Regardless how you design your hash, at the end of the day you have a $m$ booleans functions for each output bit from an arbitrary $n$ bits of input.

Some properties of boolean functions

All your output bits will be some boolean function of your input bits.

All boolean functions can be turned into the so called algebraic normal form (ANF), which means your input bits are combined using AND and XOR operators only.

XOR operator is just addition modulo 2. AND operation is just multiplication modulo 2. And these operations are usually denoted with multiplication and addition respectively. In modulo 2 arithmetic addition and subtraction are the same operation, so don't be surprised when I use + when talking about differences.

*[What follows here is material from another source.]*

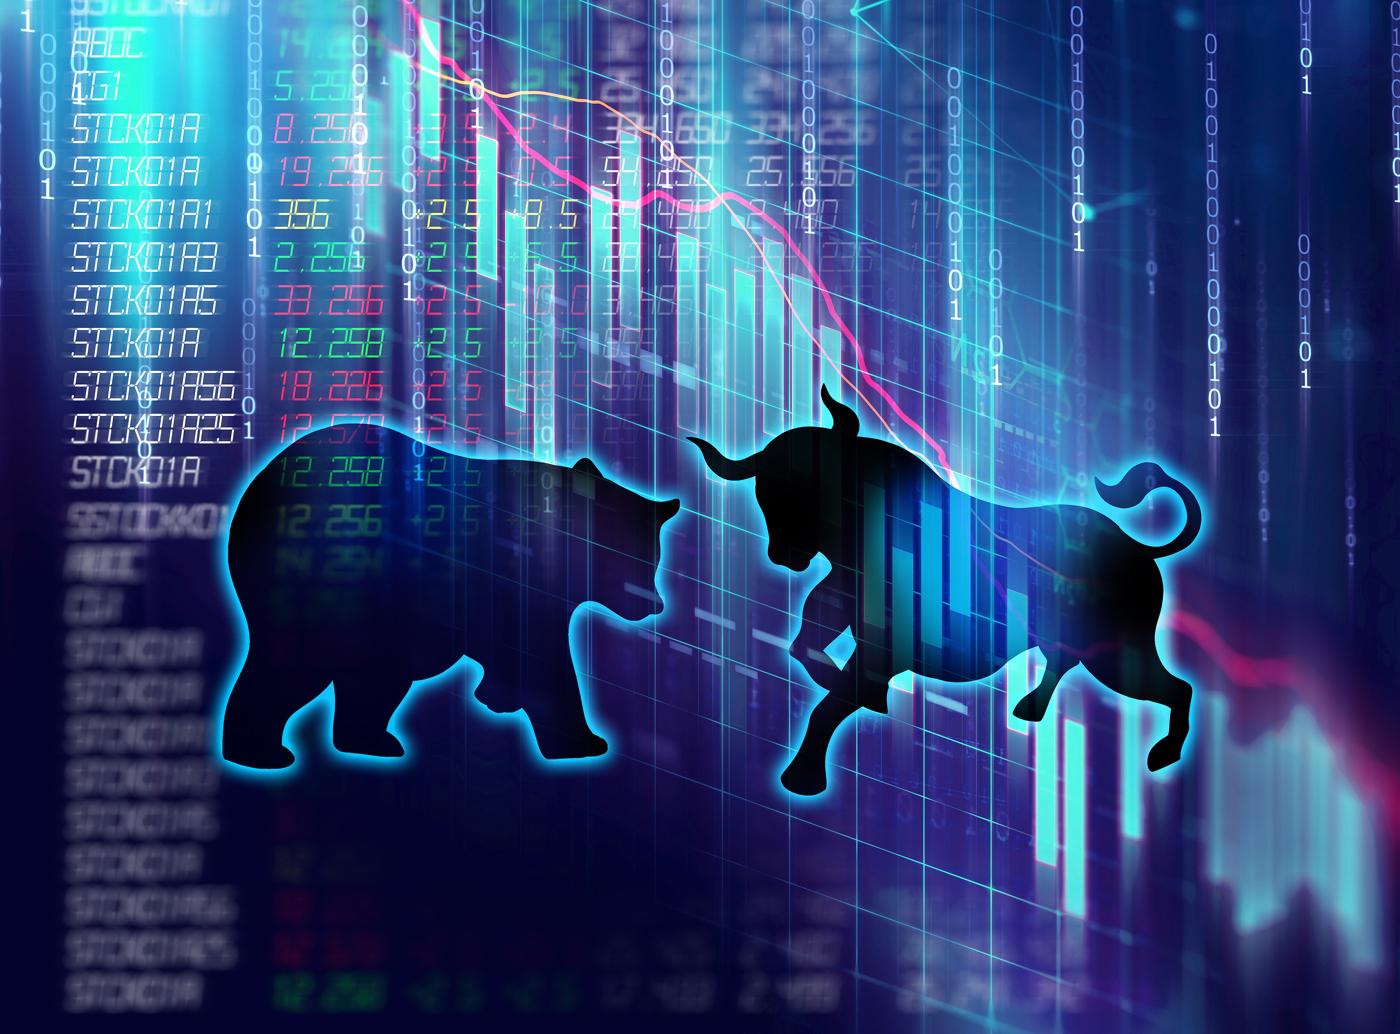 Bull and bear with purple and blue, Bullish, Bearish, Stock market

The modulo 2 arithmetic forms a field, which means all your usual algebraic identities you know are true.

So now the operation of your cipher is just a system of $m$ equations for $n$ bits of input.

Due to nature of modulo 2, a lots of things cancel. Powers cancel: $0^n = 0$, $1^n = 1$. Even coefficients cancel: $x + x = 2x = 0$.

This means the equations for the output is simpler: The only possible coefficient is 1 (or 0 which means a missing term). And all of them is on the first power.

Nonlinearity

If you try to make a cryptographic hash function that only uses XOR and shifting, the equations will be linear even after infinitely many rounds, now the analyst is just a single Gauss elimination away from solving it and now they have the ability to create arbitrary preimages.

In order to avoid that, you need to make your equations non-linear by using the AND operator. Hashes do all sorts of shifting and XOR-ing but this non-linear step is what makes them secure.

But having non-linear terms are not enough. You must make sure the attacker cannot effectively cancel out the non-linear terms out of your equations by fixing some inputs to 1 or 0. Also you need to make sure the terms will not cancel if the attackers takes the difference of two equations. If you have the formula $xy + x + y$ for one and another formula $xy + y + z$ for another bit. Adding these two will give $x + z$ which is now linear and allows the attacker to solve it to get the relationship between two out bits. Every independent linear equation an attacker can create will reduce the security of your hash with 1 bit. One way to mitigate this is making sure all the functions for the output bits contain different terms. In the previous example if we replace the $xy$ to $xz$ to the second formula. Adding together will not yield linear equation then. But if the attacker fixes the $x$ to a constant value then it becomes a linear equation. This is probably the most challenging part of designing your hash.

Balance

Another thing to consider is balance. You want your hash behave like the so called random oracle. This is important if you want your hash useful as a cryptographically secure random number generator for example. You should make sure all your bits in the resulting hash have 50% chance to be 1. The XOR operator have a very good property that makes it possible: in $a + b$, if either term have 50% chance to be 1, the entire expression will have 50% chance to be 1. To prove this let's consider $A$ and $B$ the probability that $a$ and $b$ are 1 respectively. The probability that $a + b$ is 1 is: $A(1-B) + B(1-A)$. That is either $A$ is 1 and B is 0, or $A$ is 0 and $B$ is 1. If we expand this we have: $A + B - 2AB$. Substituting 0.5 for $A$ gives: $0.5 + B - B = 0.5$. So as long as you can ensure there is at least one term in the final equations that has 50% chance to be 1 independent from other terms, then that will ensure your function is balanced. The simplest way to achieve this, is making sure at least one first order input bit term appears in the functions of all output bits and it will anchor the 50% chance.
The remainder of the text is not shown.